*Task*
Exact retyping of the data: please keep every word and drop each picture.

*Data block*
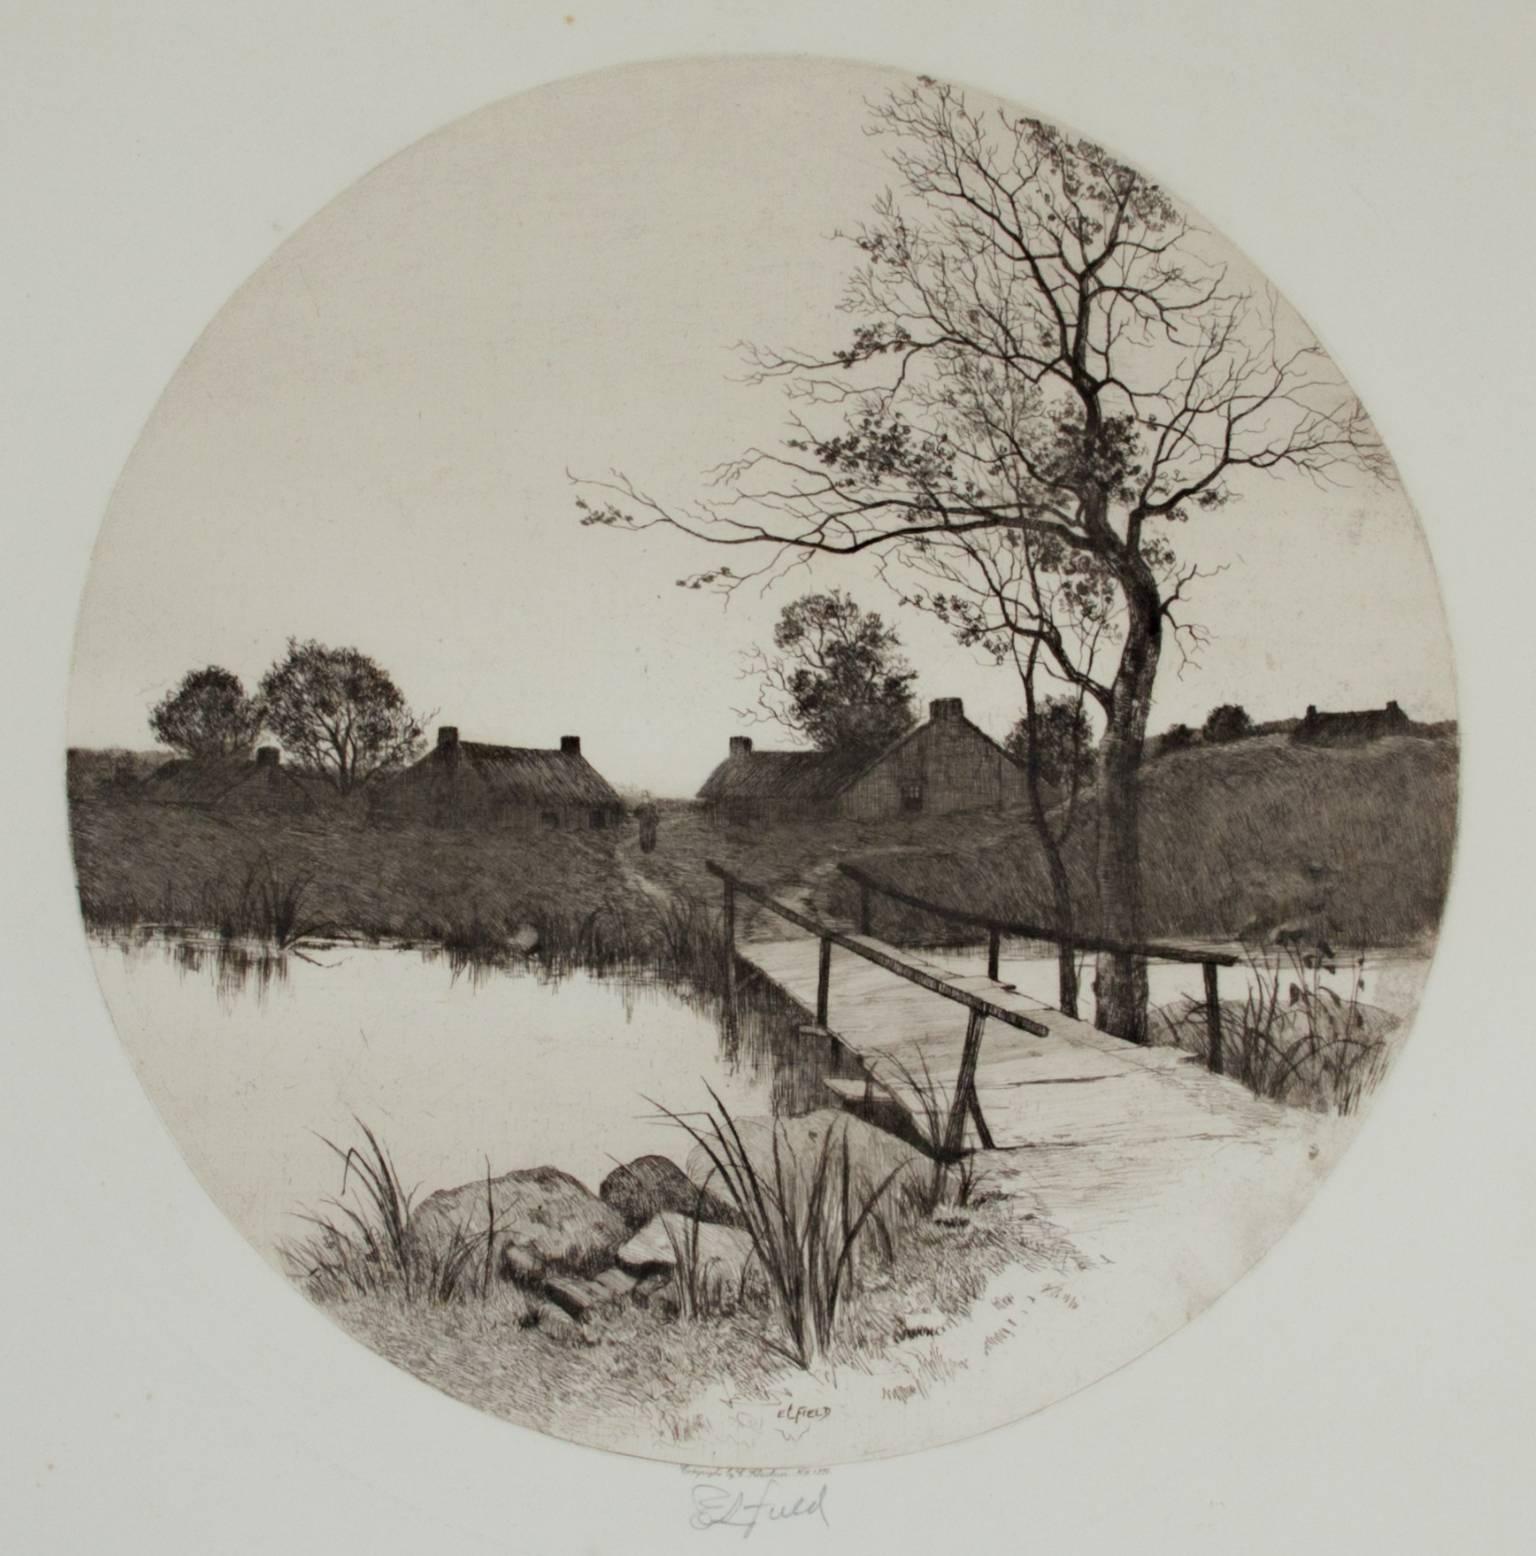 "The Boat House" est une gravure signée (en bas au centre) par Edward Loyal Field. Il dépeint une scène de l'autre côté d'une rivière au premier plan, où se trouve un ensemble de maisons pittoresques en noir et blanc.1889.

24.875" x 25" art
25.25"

*Output below*
 "The Boat House" est une gravure signée (en bas au centre) par Edward Loyal Field. Il dépeint une scène de l'autre côté d'une rivière au premier plan, où se trouve un ensemble de maisons pittoresques en noir et blanc.1889.

24.875" x 25" art
25.25"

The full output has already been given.